In London, Coca-Cola HBC was the top large-cap performer, up 3.8%.

After a stronger-than-expected finish to the first half of the year, the drinks bottler upgraded its earnings expectations for the full year.

The company now expects organic earnings before interest and tax growth of between 9% to 12% for 2023. Previously, Coca-Cola HBC had expected Ebit growth of up to 3% or a decline of up to 3%.

JD Sports Fashion edged up 0.5% after announcing its intention to acquire the remaining 50% of Iberian Sports Retail Group that it does not already own for €500.1 million.

Iberian Sports Retail operates more than 460 stores across Europe including JD in Iberia, Sprinter in Spain, Sport Zone in Portugal and Aktiesport and Perry Sport in the Netherlands.

In the FTSE 250, CMC Markets rose 1.8% following news that Chief Financial Officer Euan Marshall has resigned to take up the position of CFO at fellow midcap listing IntegraFin.

Marshall has been CFO of CMC Markets since 2019. IntegraFin was down 0.2%.

At the other end of the midcaps was OSB Group, down 13%.

Late Thursday, the mortgage specialist warned it expects an adverse EIR adjustment of around £160 million to £180 million on an underlying basis in the first half of 2023.

This is the result of ‘a reduction in the expected time spent on the reversion rate by Precise Mortgages customers’, OSB said.

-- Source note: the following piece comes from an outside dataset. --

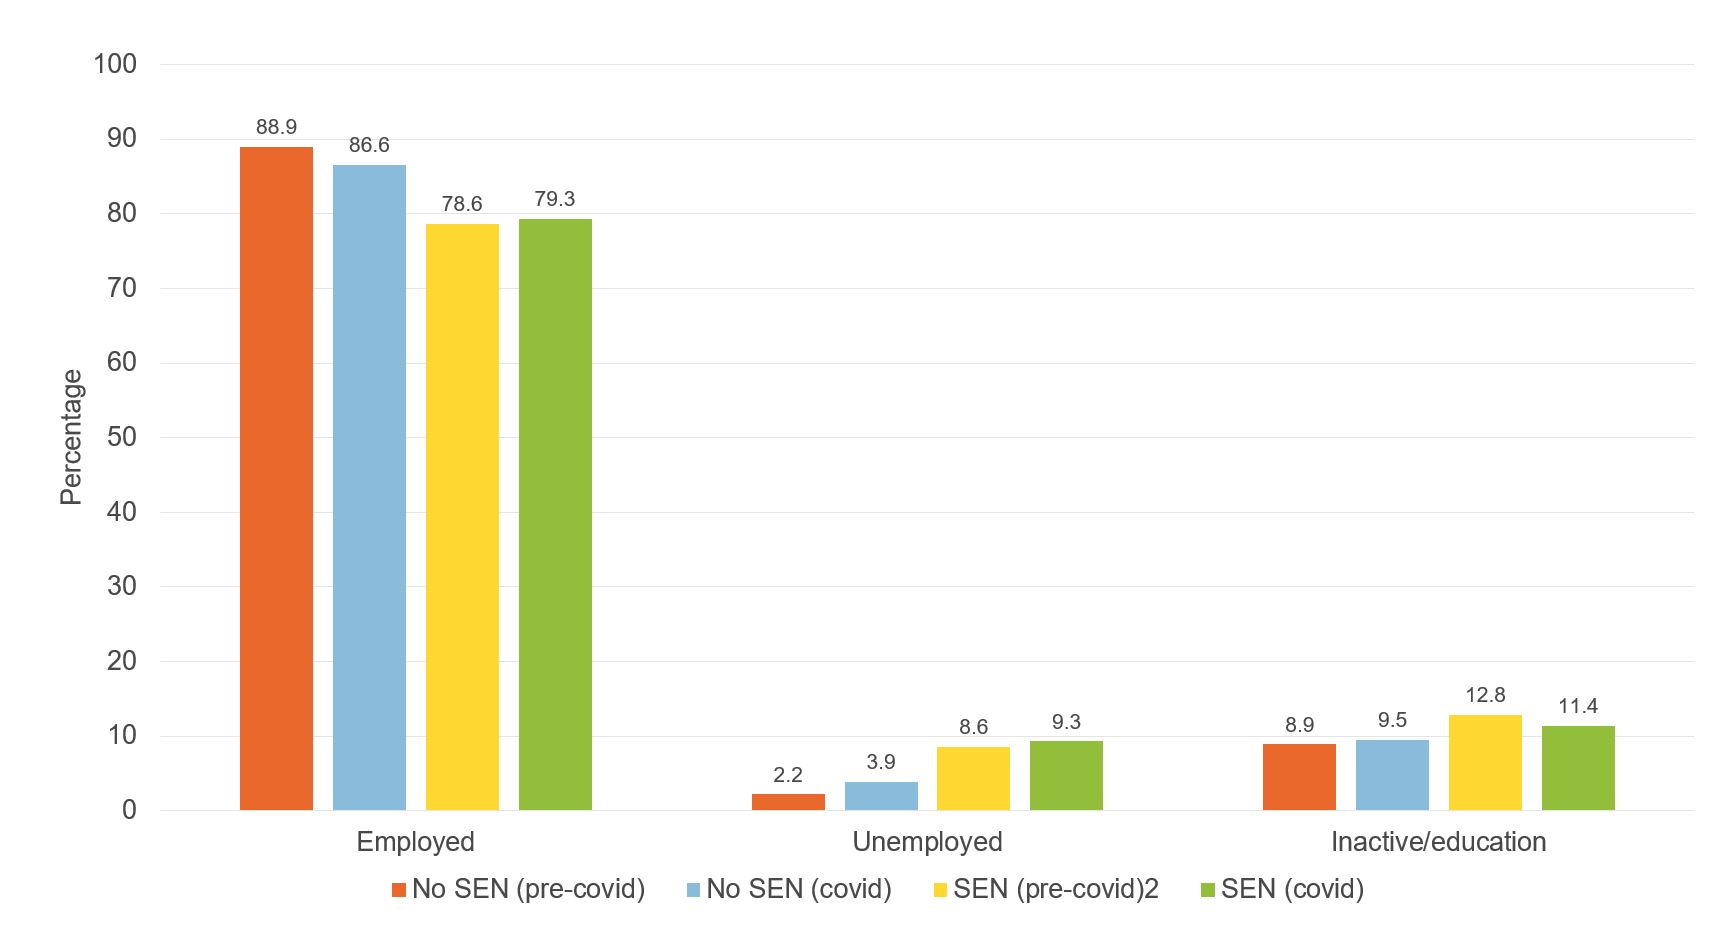 Figure showing economic activity by SEN status (aged around 30)

On AIM, Aptamer jumped 18%.

The custom affinity binder developer announced contract wins for up to £507,00 over the next six months. Its shares had come under selling pressure on Tuesday after it warned it was running low on cash, and expected a double-digit percentage decline in revenue in its recently-concluded financial year.

‘In addition to trading income, further funding will be required in the short-term in order to continue as a going concern,’ the firm reiterated. Its stock is still down 26% this week.

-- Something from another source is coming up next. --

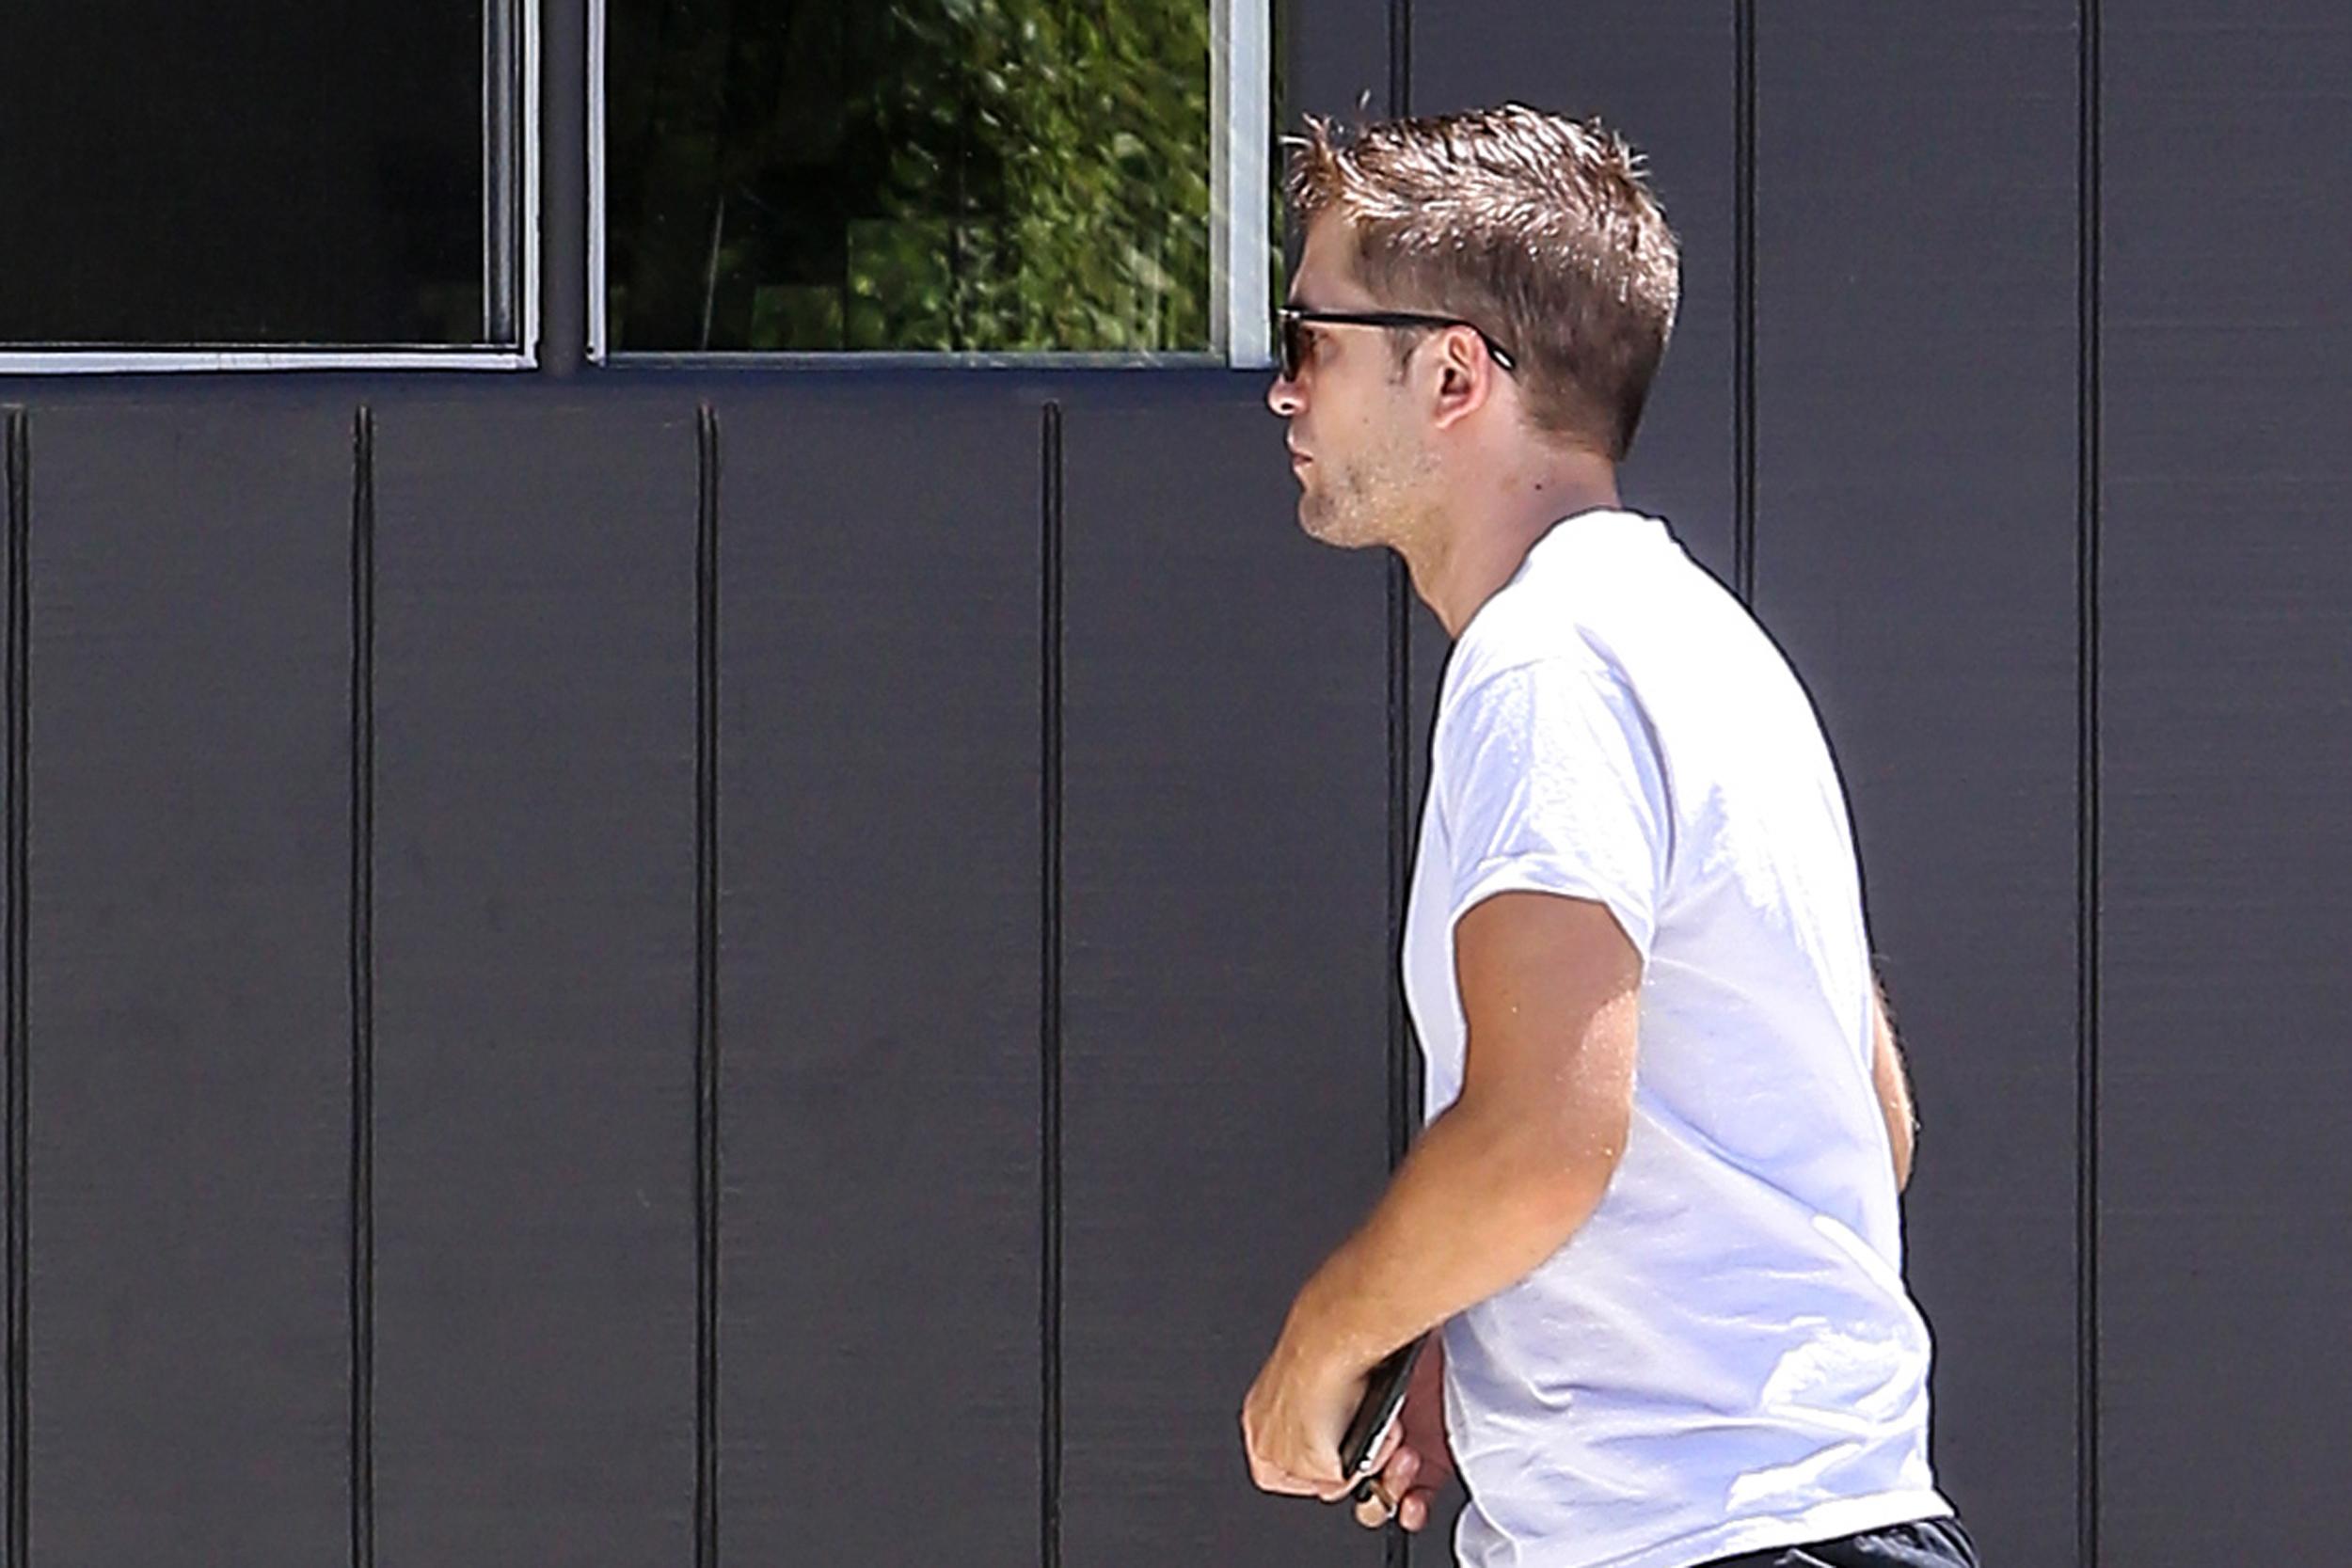 Fotos de Robert Pattinson em Los Angeles na semana passada

Gold was quoted at $1,913.32 an ounce early Friday, higher than $1,909.01 on Thursday.

Brent oil was trading at $76.82 a barrel, higher than $75.23.

In Asia on Friday, the Nikkei 225 index in Tokyo closed down 1.2%. In China, the Shanghai Composite closed down 0.3%, while the Hang Seng index in Hong Kong was down 0.9% in late dealings. The S&P/ASX 200 in Sydney closed down 1.7%.

US Treasury Secretary Janet Yellen said Friday that a decoupling of the US and Chinese economies would be ‘virtually impossible’ and would destabilise global markets, in comments made while on a visit to Beijing packed with talks with officials and businesses.

Yellen’s four-day trip is her first to China as Treasury chief, and she is the second high-ranking US official to visit recently after Secretary of State Antony Blinken last month.

The US has in recent months said it is seeking to ‘de-risk’ from China by limiting the world’s second-largest economy’s access to advanced technology deemed crucial to Washington’s national security.

Yellen on Friday stressed that Washington was not seeking a ‘wholesale separation of our economies’.

‘We seek to diversify, not to decouple.’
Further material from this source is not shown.